Медный не перепил, а отравился, и довольно серьезно. А у нас даже активированного угля нет. Не потому, что забывчивые идиоты, а потому что мы, и правда, теперь очень редко пьем. И уж тем более редко нам попадается «палёнка».
– Готова? – хмуро спрашивает Куцый, подойдя к столу.
Я киваю и застегиваю куртку.
– Мы тоже пойдем, – говорит Зануда.
Отморозок согласно кивает, но Куцый мотает головой:
– Кто-нибудь один. Справимся втроем.
– Тогда я иду, – Зануда поднимается и напяливает безрукавку.
– Я тоже.
– Отморозок, ты остаешься, – говорит Куцый.

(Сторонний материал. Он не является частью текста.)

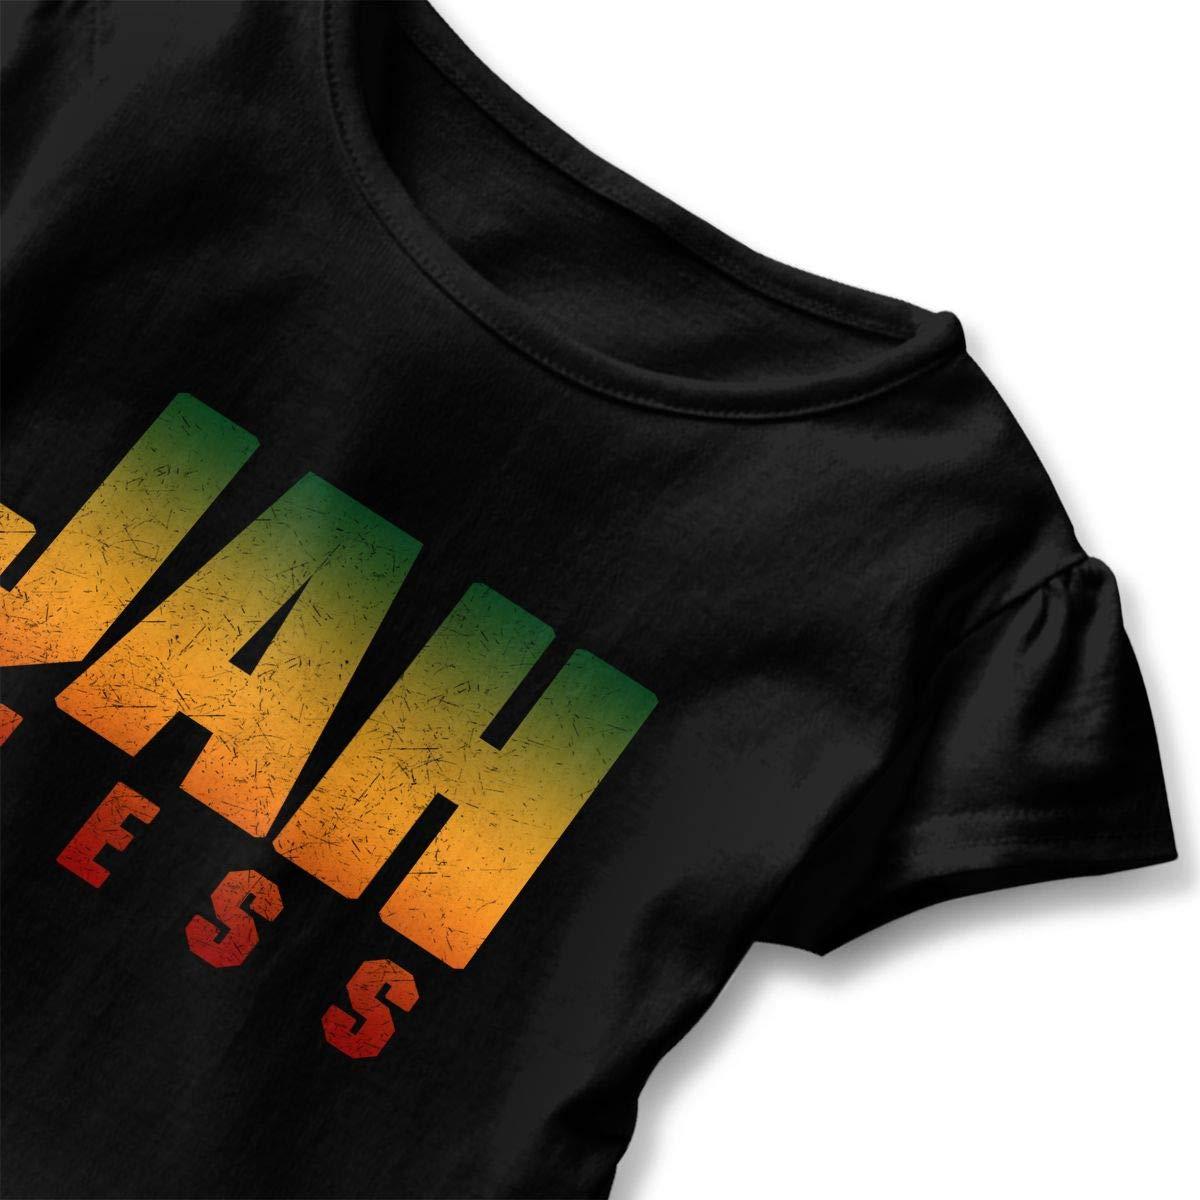 Clarissa Bertha Jah Bless Rasta Flag Reggae Roots Toddler Baby Girls Short Sleeve Ruffle T-Shirt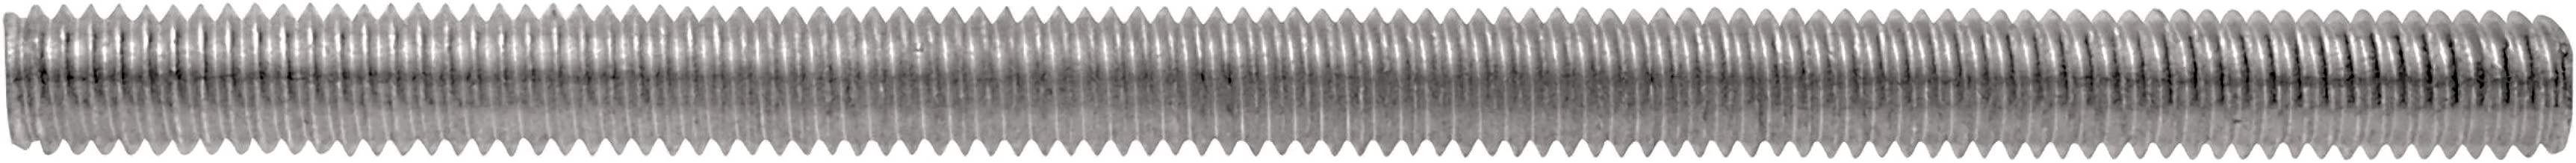 Hillman 44817 8-32 x 6-Inch Zinc Threaded Rod, 10-Pack

– Почему я? – Отморозок возмущается, но скорее для проформы – спорить с Куцым нет никакого смысла.
– Потому что здесь должен остаться хоть один здоровый мужик.
Тут сто́ит заметить, что Куцый – редкостный сексист, который считает женщину, как биологический вид – эволюцией мужского копчика.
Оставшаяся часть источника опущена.